An autonomous tractor pulls the box along the hillside, leaving a 5-foot ribbon of charred ground. This protective line could help prevent ignitions caused by cars and can allow for controlled burns that would usually require many people and ideal weather conditions.
CalFire Chief Jim McDougald said firebreaks like these gave his firefighters time to protect the community of Shaver Lake during the 2020 Creek fire.
“We were able to get in there and fire along Highway 168 and just burn back to that ridge,” he said.
BurnBot is the brainchild of Anukool Lakhina. In 2018, when the Camp fire blanketed the Bay Area in smoke, he realized the problem could offer an opportunity. After failing to gain traction with an idea of using sound waves to suppress fire, he and co-founder Lee Haddad turned to controlled burns. Now, backed by millions in funding, BurnBot plans to treat 3,000 acres this year.

A wildland firefighter looks at a video of a test burn transmitted by a Burnbot, on grasslands at Stanford University in Palo Alto, Calif., June 27, 2024. High-tech entrepreneurs are trying to use new forms of technology to solve the problem of mega-wildfires in the age of climate change. (Ian C. Bates/The New York Times)

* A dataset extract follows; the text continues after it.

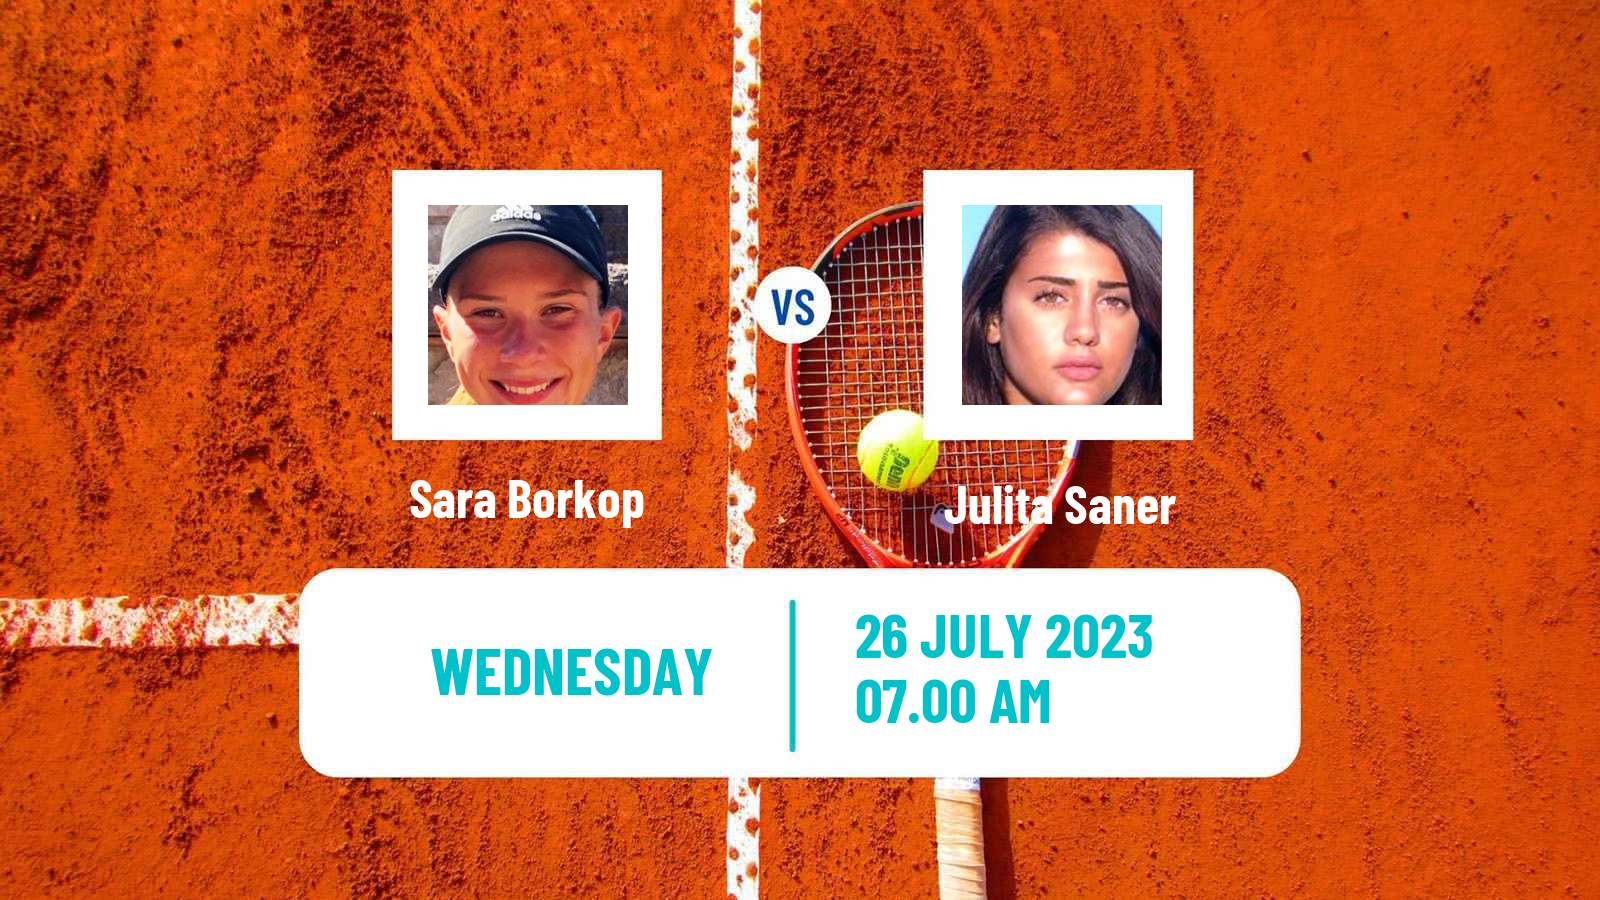 Tennis ITF W15 Vejle Women Sara Borkop - Julita Saner

Looking to Washington for Support
These tech CEOs also have to persuade the public sector to support new markets. Megafire Action, an advocacy group, organized a July delegation to Washington, D.C., that included Clerico. Matt Weiner, CEO of Megafire Action, said after pitching officials on the sector’s solutions, “There’s a growing recognition that we’re not currently on track to get the job done.”
Kodama’s approach to fuel treatment is essentially logging. Kodama is experimenting with a plan to bury felled timber, storing its carbon over the long term and selling credits against it.
“We should think about new business models,” Lakhina said. “I think the insurance carriers have a role to play in financing or catalyzing at least maintenance treatments. If it’s reducing risk, that’s allowing them to underwrite more properties at a better margin.”
Earlier, in the Stanislaus National Forest, Kodama’s skidder cut its own trail, shoving logs into burn piles. Working on Kodama’s autonomous technology in the woods, Joe Lerdal is teaching the machine but learning from the timber crew.
These machines are only the start of fire tech’s vision; the bigger aspiration is to use technology to turn megafires against themselves.
Dargan envisions a future in which sensors in space and on the ground cue autonomous vehicles to redirect the fury of wildfires to benefit the landscape. Climate scientists believe Western forests will face ever-drier conditions for decades to come.
“It is critical that we burn as much as we can by 2050,” she said. “After that, it may be too late.”